Faut-il célébrer la francophonie ?


Publié dans Le Nouvelliste



Mercredi 20 mars 2019 est la journée internationale de la francophonie. Cette date sert d’ancrage à la semaine et à la quinzaine de la francophonie. Le site de l’Organisation Internationale de la Francophonie (OIF) informe que le slogan choisi cette année pour célébrer cette journée est « En français... s’il vous plait; -) ». Le site précise que le français est une langue mondiale « avec 300 millions de locuteurs repartis dans 106 pays et territoires » et « la deuxième langue enseignée sur la planète ». A travers le monde, les instituts français et alliances françaises organisent diverses activités pour célébrer la journée, semaine, ou quinzaine de la francophonie. En Haïti, l’une des activités mises sur pied par l’Institut Français en Haïti (IFH) pour célébrer la Quinzaine de la Francophonie est le quatrième concours national de chanson francophone. La finale de ce concours se tiendra le jeudi 21 mars au local de l’IFH.

En Haïti, depuis l’indépendance en 1804 et jusqu’en 1987, le français a été la langue officielle de facto du pays. Les documents et discours officiels étaient rédigés principalement en français, et l’éducation de la maternelle à l’université se faisait exclusivement en français. Avec la Constitution de 1987, consacrant le créole et le français langues officielles du pays, on ne peut plus parler de francophonie sans évoquer la créolophonie. Ce bilinguisme est cependant loin d’être équitable, à cause de l’absence d’une politique étatique de renforcement de l’utilisation du créole, notamment dans le système éducatif haïtien. En ce sens, le linguiste Robert Berrouët-Oriol écrit que « trente ans après l’adoption de la Constitution de 1987, [l’État haïtien] n’a toujours pas formulé ni adopté sa première politique nationale d’aménagement des deux langues officielles du pays ainsi que des règlements d’application de cette politique. »

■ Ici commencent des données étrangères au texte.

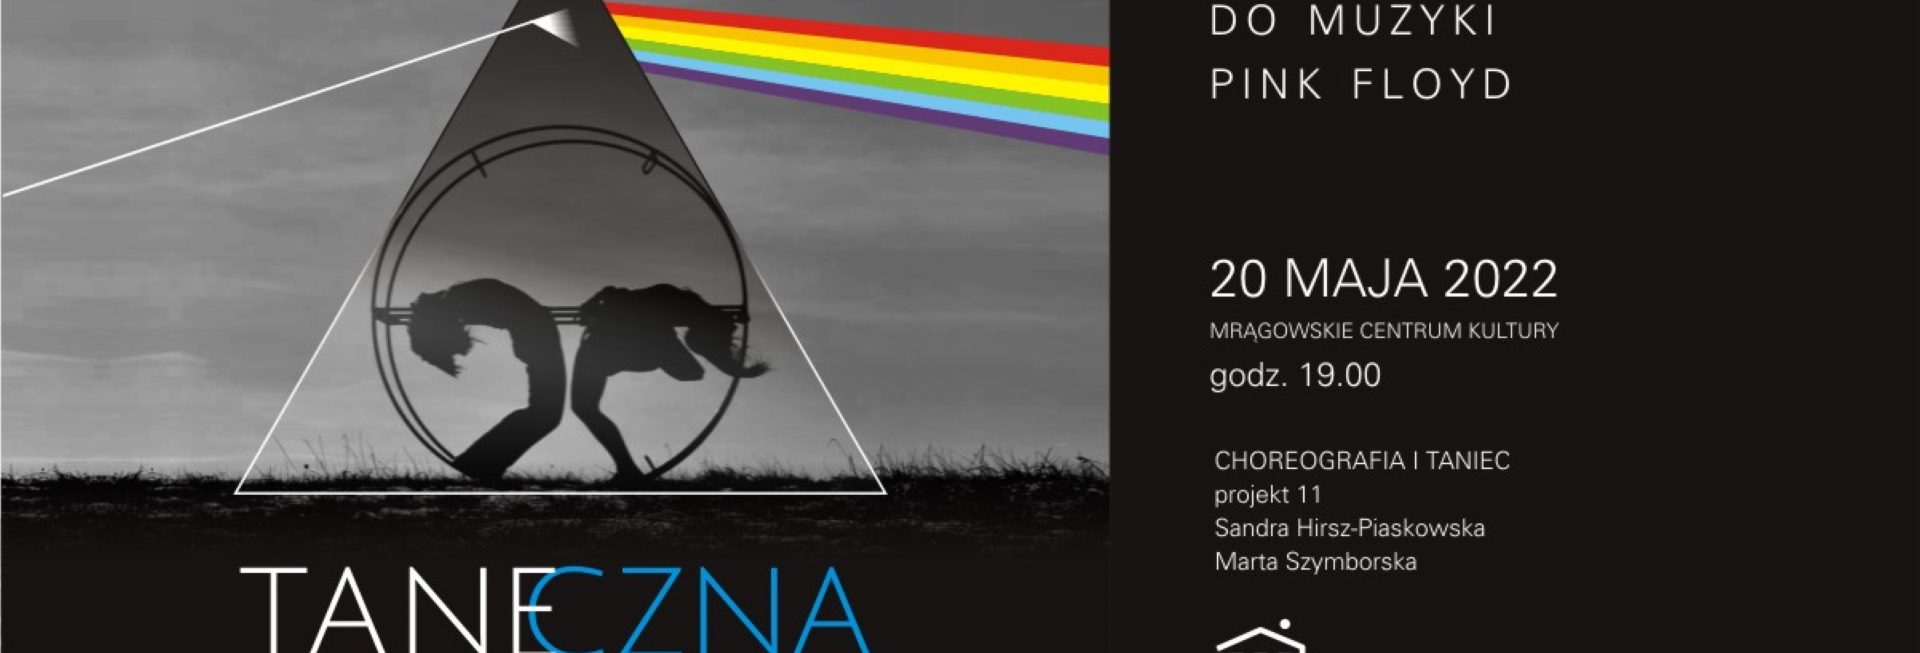 Plakat graficzny zapraszający do Mrągowa na spektakl wizualny do muzyki PINK FLOYD "TANECZNA PODRÓŻ" Mrągowo 2022.
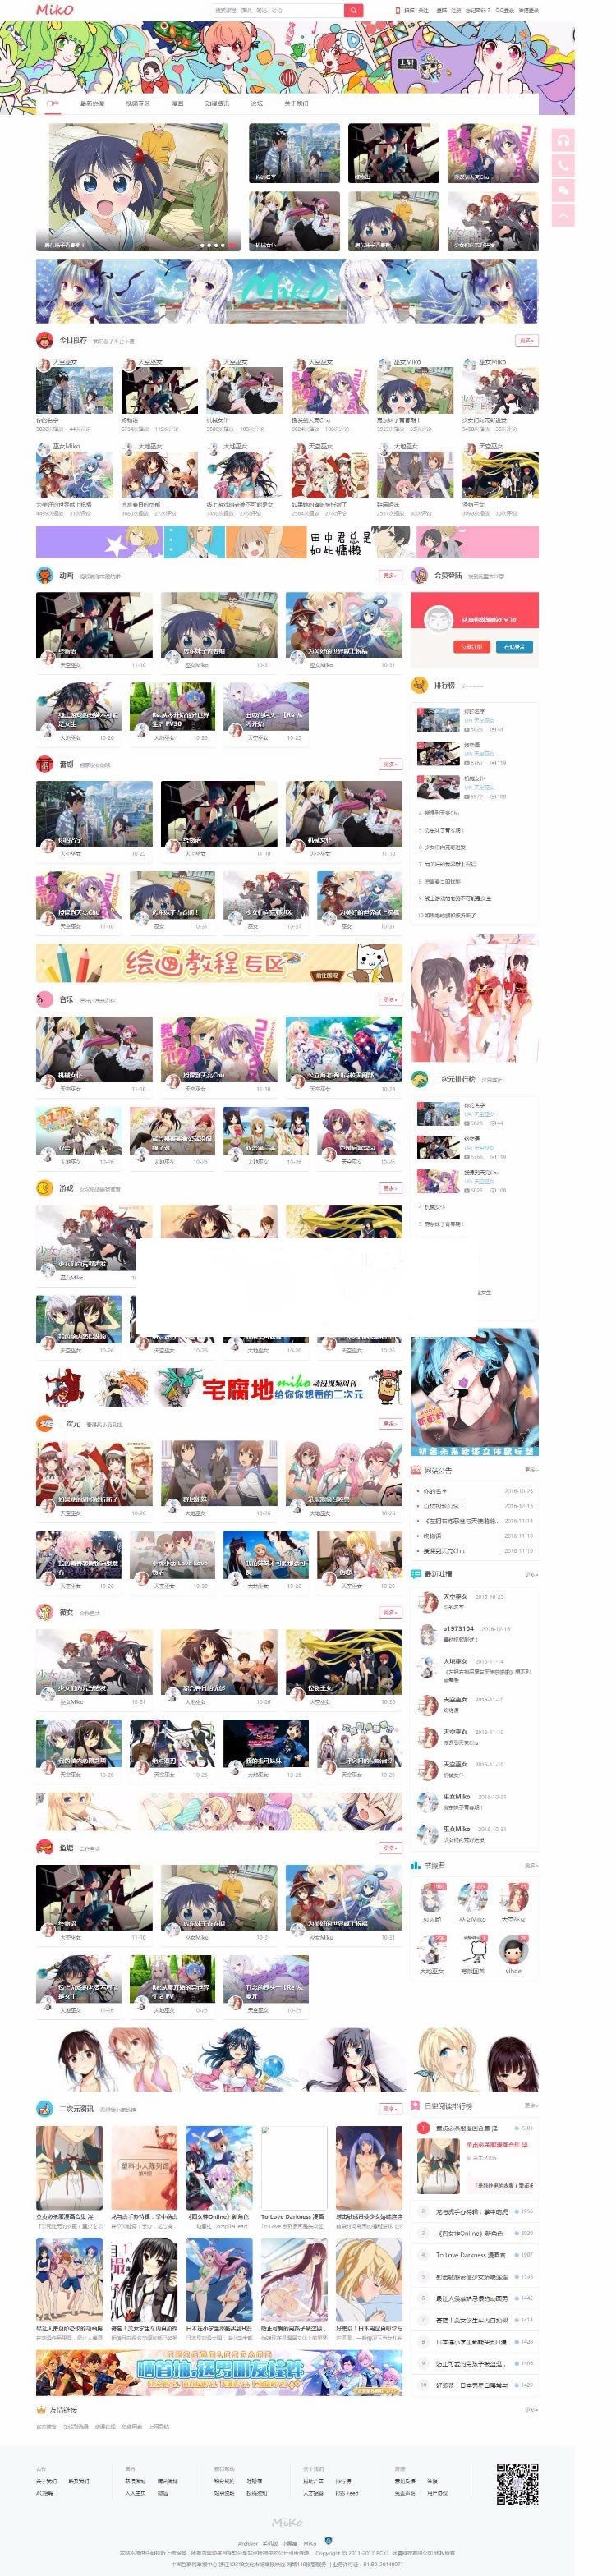 Miko弹幕视频网源码 Discuz动漫视频网站模板

Ce “déficit de vision linguistique et de leadership étatique », obstruant le plein essor du créole, génère dans certains milieux académiques et artistiques un sentiment de malaise vis a vis du français. De plus, certains considèrent cette langue d’emprunt un vestige de la colonisation, et un outil d’exclusion utilisé par les élites dans la manipulation des masses. Dans un tel contexte, faut-il donc célébrer la francophonie?

La langue française se défend elle-même comme un vibrant instrument de communication dont l’emploi ouvre à ses locuteurs des horizons sur les cultures et les civilisations les unes plus différentes que les autres. Elle n’est plus imposée par la France mais choisie par les hommes et les femmes du monde entier. Elle mue et s’enrichit avec le temps, au gré des ajouts et des empreintes des littératures variées dont elle fait l’écho. Célébrer la francophonie, c’est célébrer un élément important de notre patrimoine culturel ; c’est aussi célébrer l’opportunité d’échanges et de connexion avec les autres pays francophones de la planète.